On Wed, Jun 26, 2024 at 3:06 PM Manolis Tsamis <manolis.tsamis@vrull.eu> wrote:
>
> This change checks when a two_operators SLP node has multiple occurrences of
> the same statement (e.g. {A, B, A, B, ...}) and tries to rearrange the operands
> so that there are no duplicates. Two vec_perm expressions are then introduced
> to recreate the original ordering. These duplicates can appear due to how
> two_operators nodes are handled, and they prevent vectorization in some cases.
>
> This targets the vectorization of the SPEC2017 x264 pixel_satd functions.

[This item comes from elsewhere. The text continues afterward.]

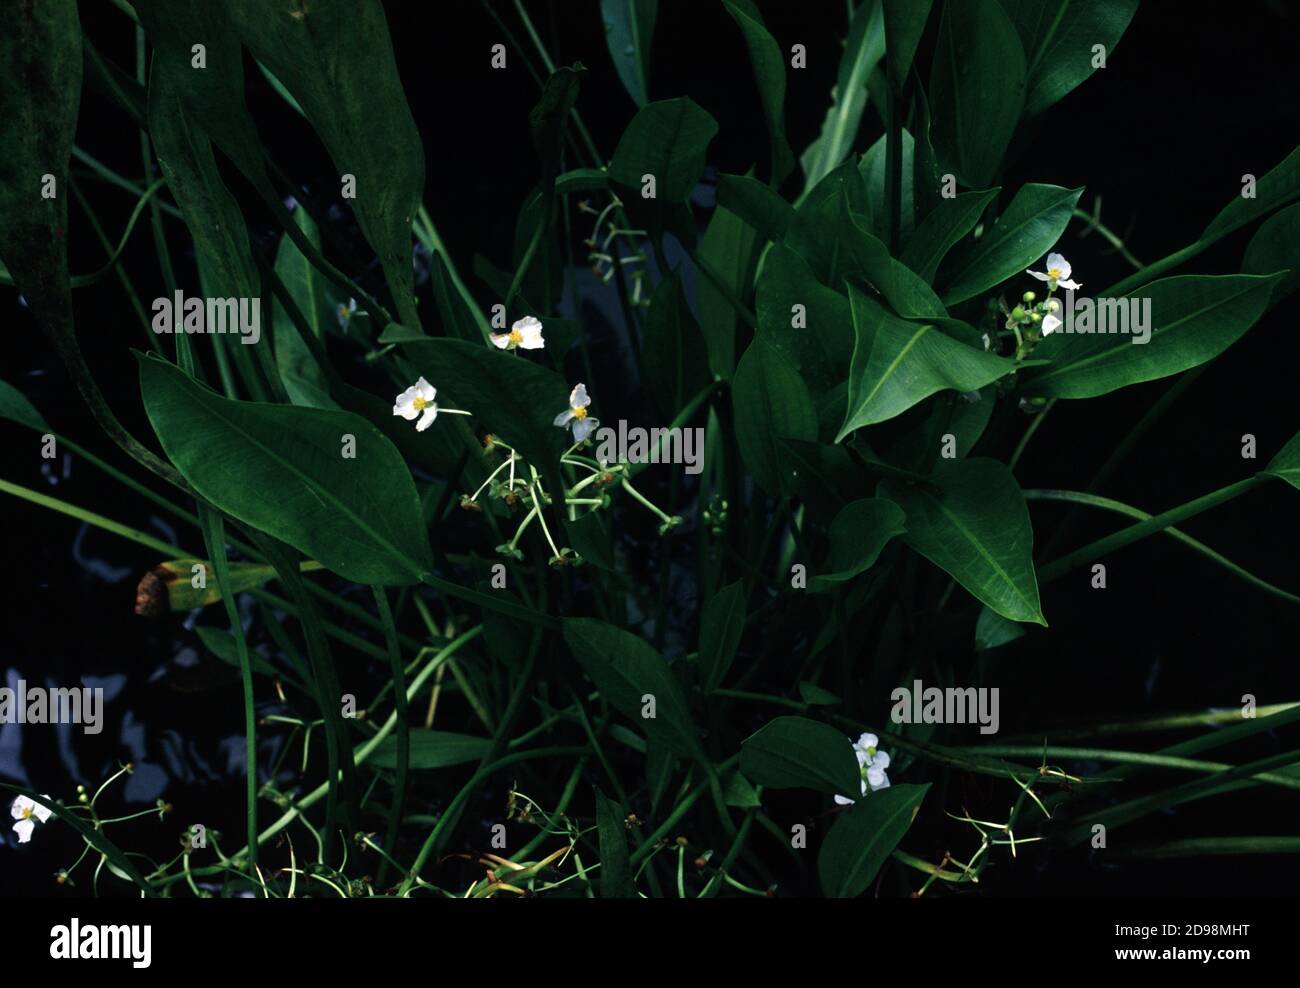 Amazon sword (Echinodorus macrophyllus) with flowers Stock Photo

> In some processors a larger than 10% improvement on x264 has been observed.
>
> See also: https://gcc.gnu.org/bugzilla/show_bug.cgi?id=98138
>
> gcc/ChangeLog:
>
>         * tree-vect-slp.cc: Avoid duplicates in two_operators nodes.
>
> gcc/testsuite/ChangeLog:
>
>         * gcc.target/aarch64/vect-slp-two-operator.c: New test.
>
> Signed-off-by: Manolis Tsamis <manolis.tsamis@vrull.eu>
> ---
>
> Changes in v2:
>         - Do not use predefined patterns; support rearrangement of arbitrary
>         node orderings.
>         - Only apply for two_operators nodes.
>         - Recurse with single SLP operand instead of two duplicated ones.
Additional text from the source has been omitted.